Gray died on the afternoon of Aug. 13, 2015, in the backyard of a house on Joffre Avenue, just east of Boundary Road, in Burnaby.

He had been pursued there from the 3600-block South East Marine Drive in Vancouver by as many as six Vancouver police officers, following a complaint of a “distraught man causing a disturbance,” according to a statement from the Vancouver Police Department. Initial attempts to arrest him resulted in Gray becoming “agitated.” More officers were called, pepper spray was used and, eventually, a “physical altercation” broke out.

Gray died of the injuries sustained in the altercation.

New details from the petition allege police received reports of Gray harassing a woman by spraying a garden hose at her on South East Marine Drive. It also claims the caller reported the man was “apparently high on drugs and alcohol.”

Gray's mother said the incident happened during a severe drought, when watering restrictions were in effect. She took issue with the caller's assertion that her son may have been using drugs or alcohol, saying she was told a toxicology screen came back clean. The B.C. Coroners Service told Postmedia it was not able to release information while the police investigation was ongoing.

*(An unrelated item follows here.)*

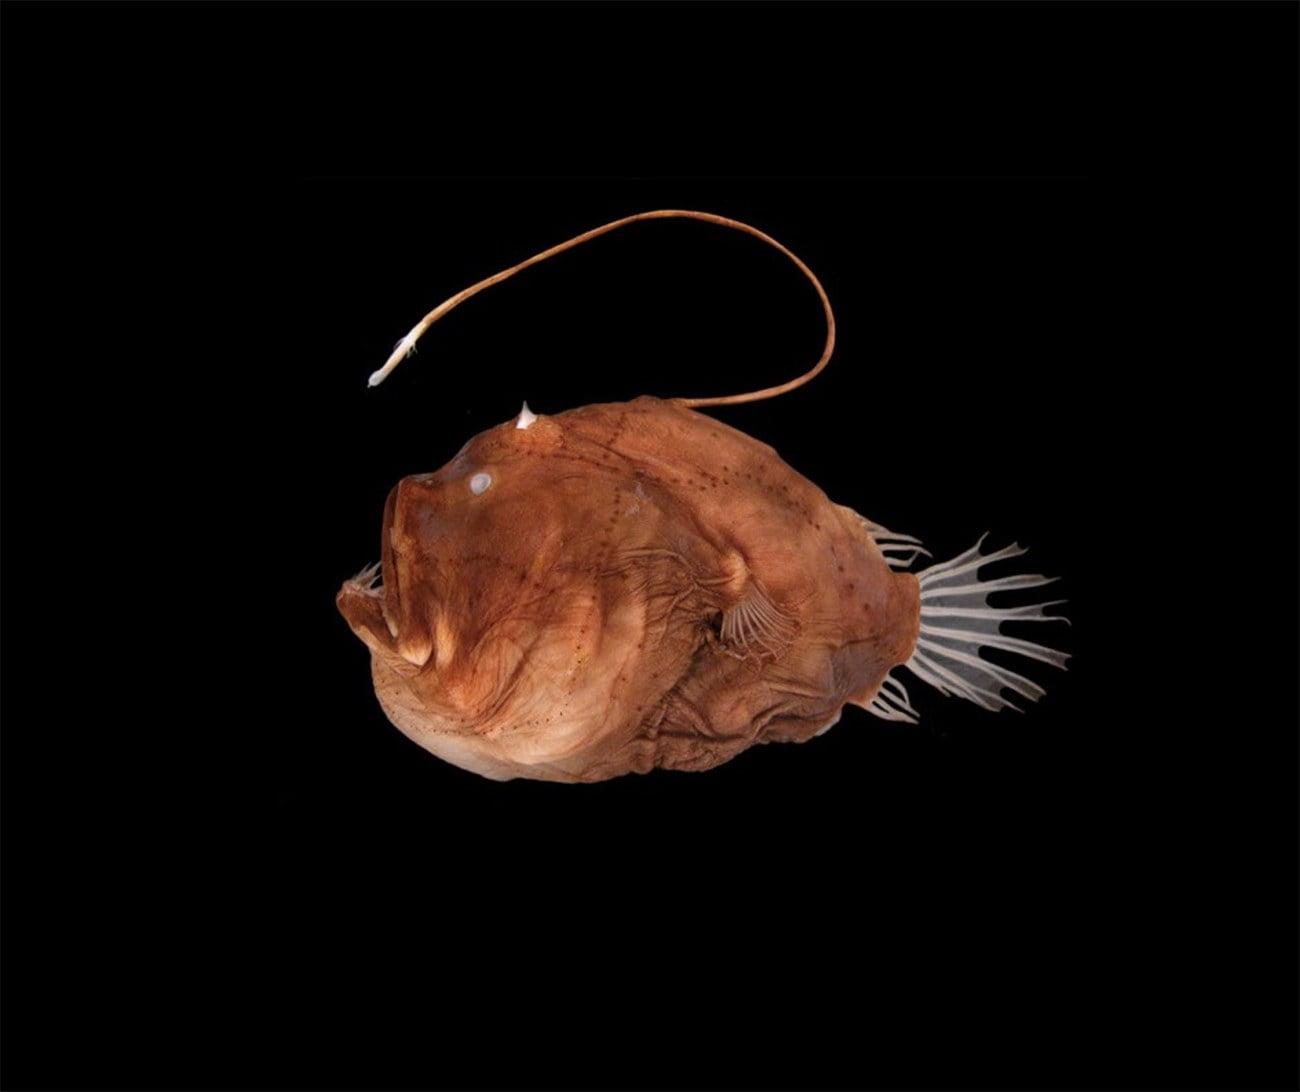 imagem de peixe capaz da bioluminescência

"I don't know what happened with the watering woman, but there was nothing in his system," said Margie Gray. "He was a very fit man, but he'd never been in a fight in his life."

The petition was filed by the Independent Investigations Office of B.C. to ask an officer who witnessed the event to sit for a second interview.

The petition alleges Const. Harder Sahota, the first officer on scene, has refused requests for a second interview.

Martin Youssef, a spokesman with IIOBC, said Wednesday that the main issue for the police watchdog was whether a witness officer was entitled to place conditions on “their duty to cooperate with an IIO investigation.”

“It’s in the public interest for the IIO to conduct a thorough investigation and to determine all the relevant facts, and only after receiving that can we reach conclusions,” he said. “Obviously, we’ve tried a number of different steps leading up to this, and this is a last resort for us.”

Youssef noted that this is the second case where the IIO has had to petition the court to seek cooperation from an officer during an investigation.

In the other case, the IIO is taking Vancouver police Chief Adam Palmer and seven officers to court over what it considers a lack of cooperation with an investigation into the fatal shooting of a man outside a Canadian Tire store last year. Thirty-eight-year-old Daniel Peter Rintoul died in that shootout.

Doug King, a lawyer with Pivot Legal Society who is also a member of the IIO’s external advisory group, told Postmedia earlier this year that he’s watched the relationship between Vancouver police and the watchdog deteriorate for a few years. He believes the turning point was the investigation into the 2014 police shootout with Gerald Battersby at Science World, a case where the IIO forwarded a report to Crown counsel, but no charges were approved.

Margie Gray said the loss of her son has "torn our family apart."

"This situation continues to be torturous," she said. "After two years, we just want the truth."

She said her son's death has "shattered every belief system I once held."